| Your goal |
Omit the pictures and return exactly the stretch of the material below from the line with "Printable 5 Day" through the line with "Evita Shoes Damen".

| Records for this task |
____
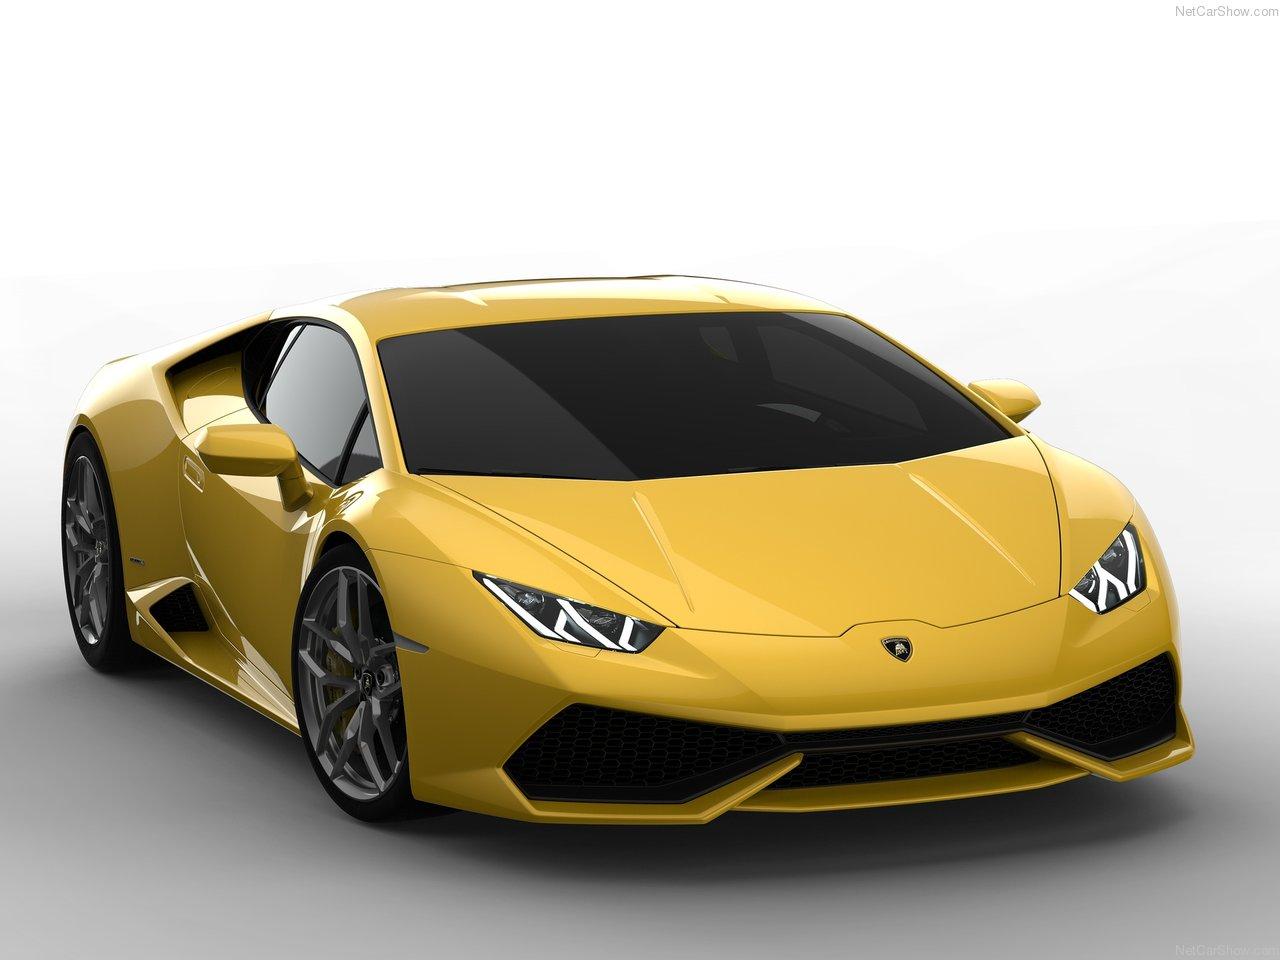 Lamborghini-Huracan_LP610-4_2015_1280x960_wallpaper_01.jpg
____
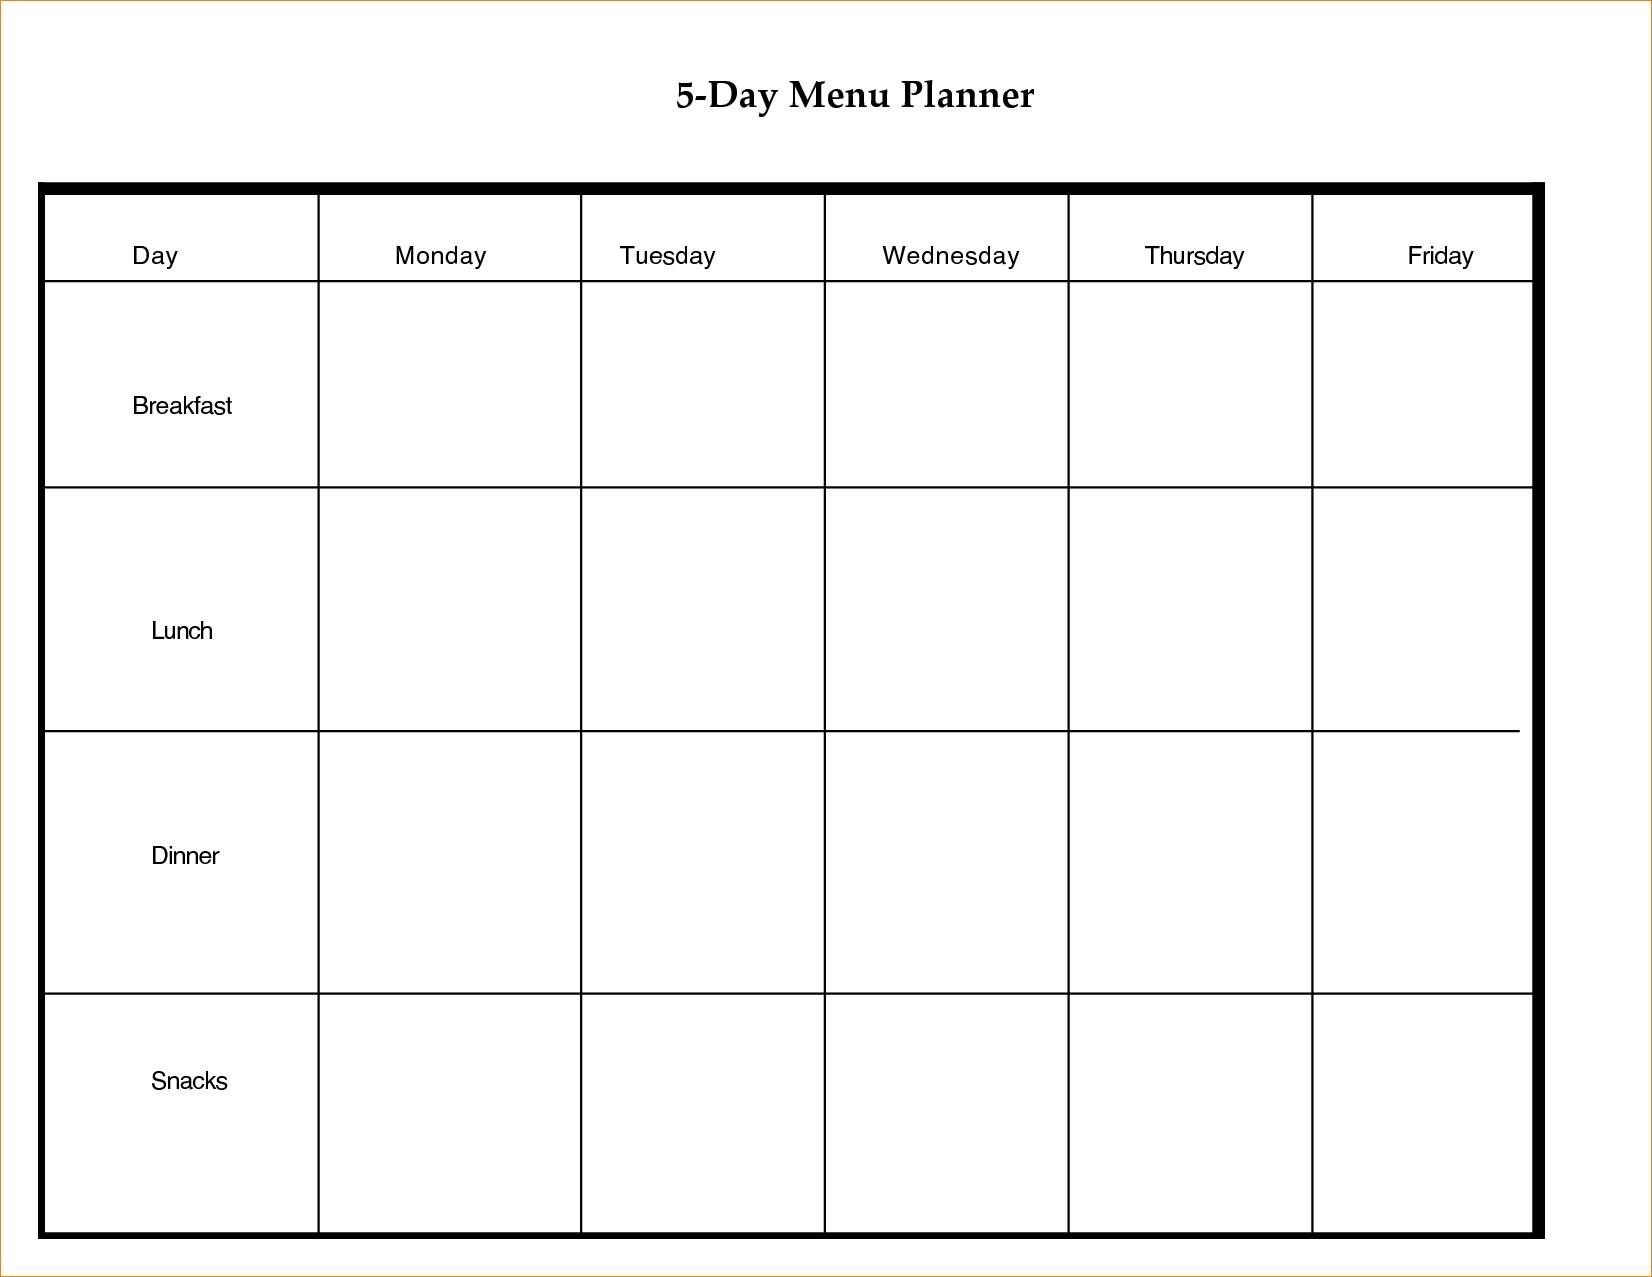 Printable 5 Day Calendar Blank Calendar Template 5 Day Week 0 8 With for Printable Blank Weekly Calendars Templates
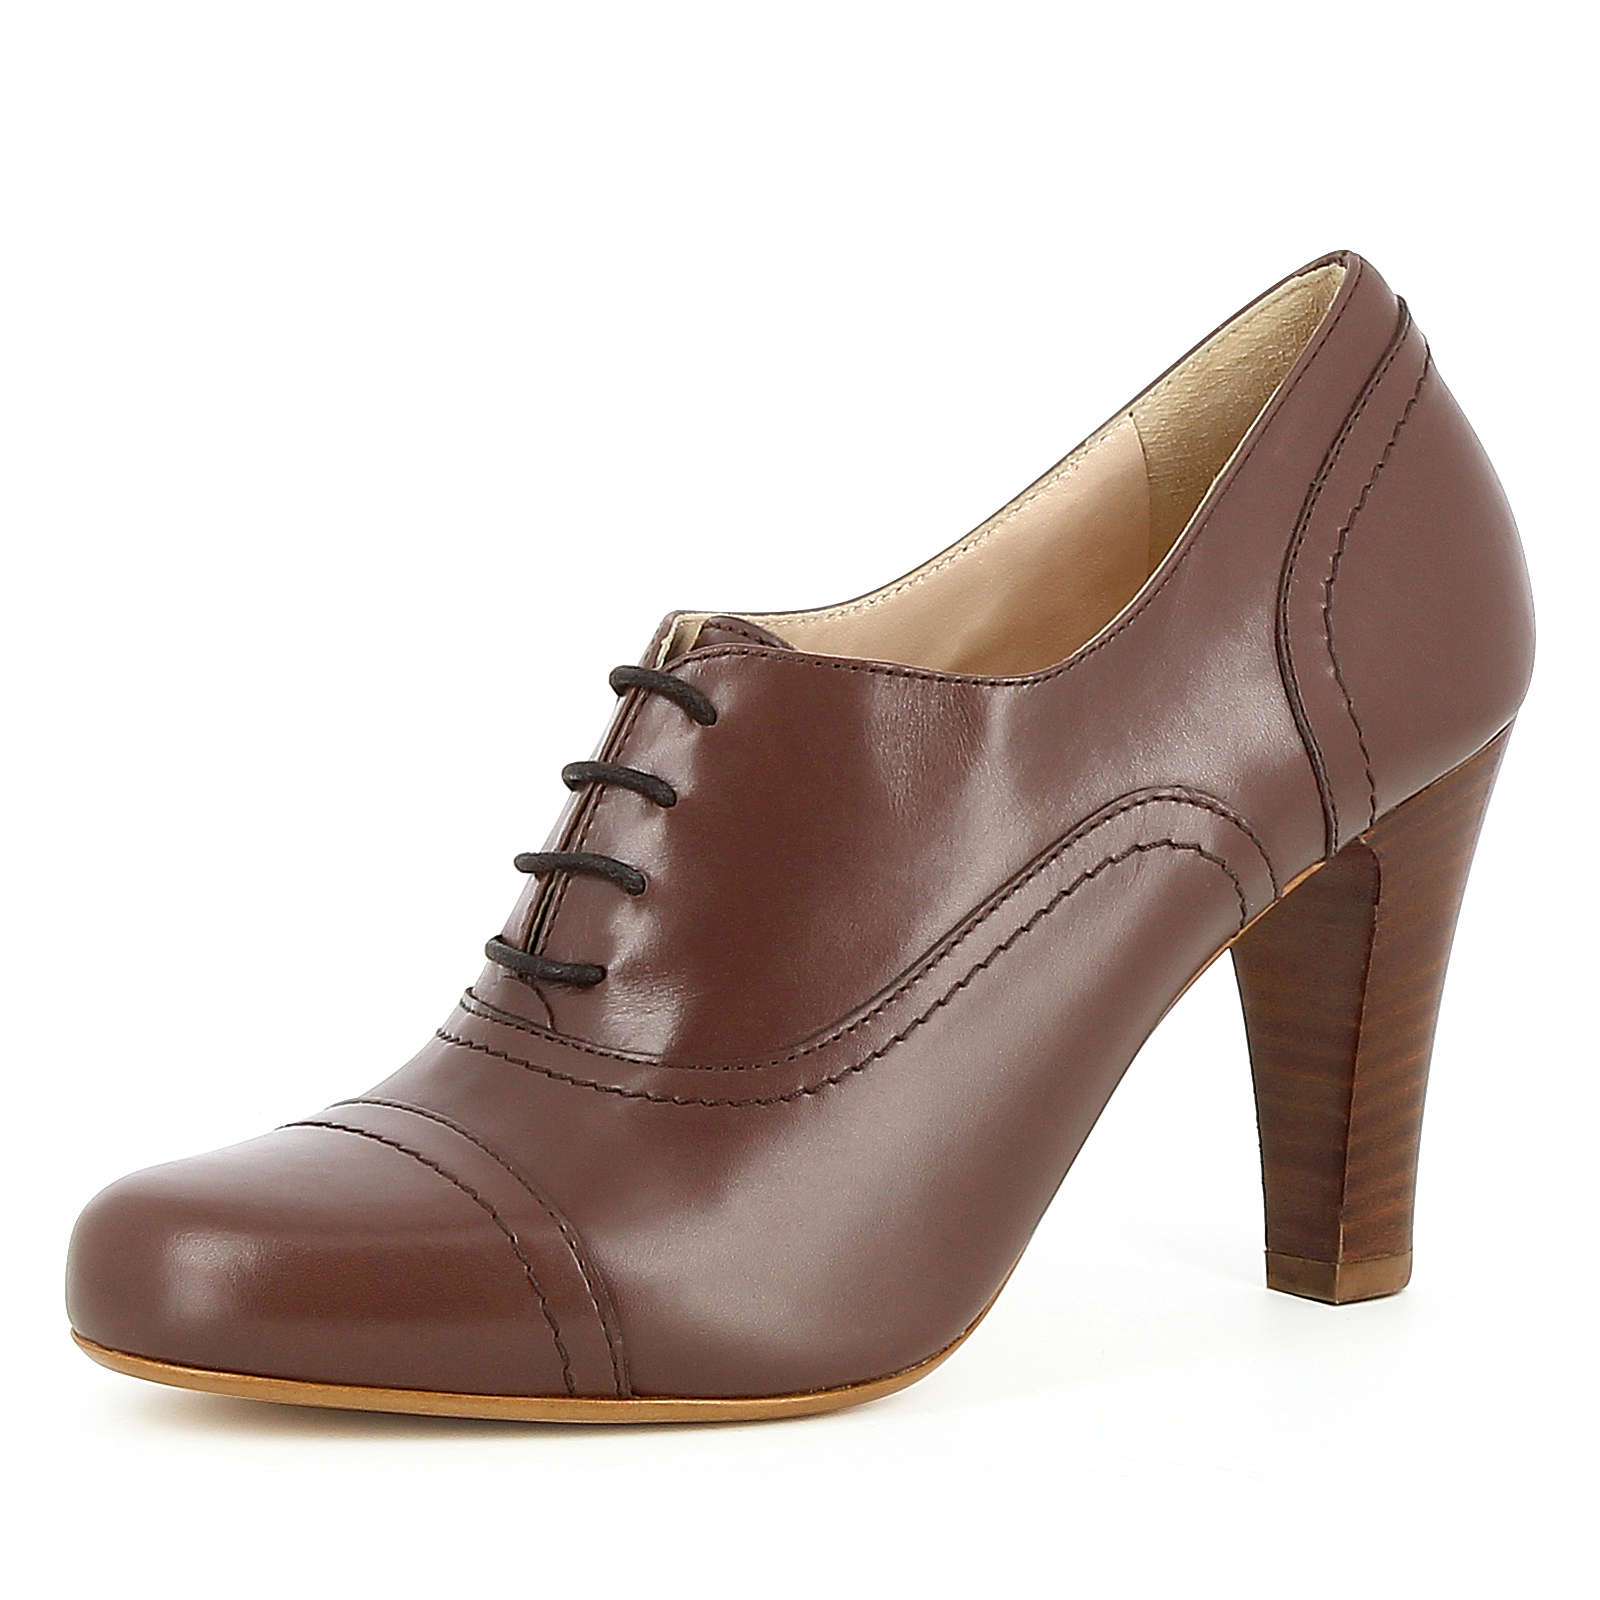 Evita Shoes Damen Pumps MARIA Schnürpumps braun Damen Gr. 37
____
| Solution for this problem |
 Printable 5 Day Calendar Blank Calendar Template 5 Day Week 0 8 With for Printable Blank Weekly Calendars Templates
 Evita Shoes Damen Pumps MARIA Schnürpumps braun Damen Gr. 37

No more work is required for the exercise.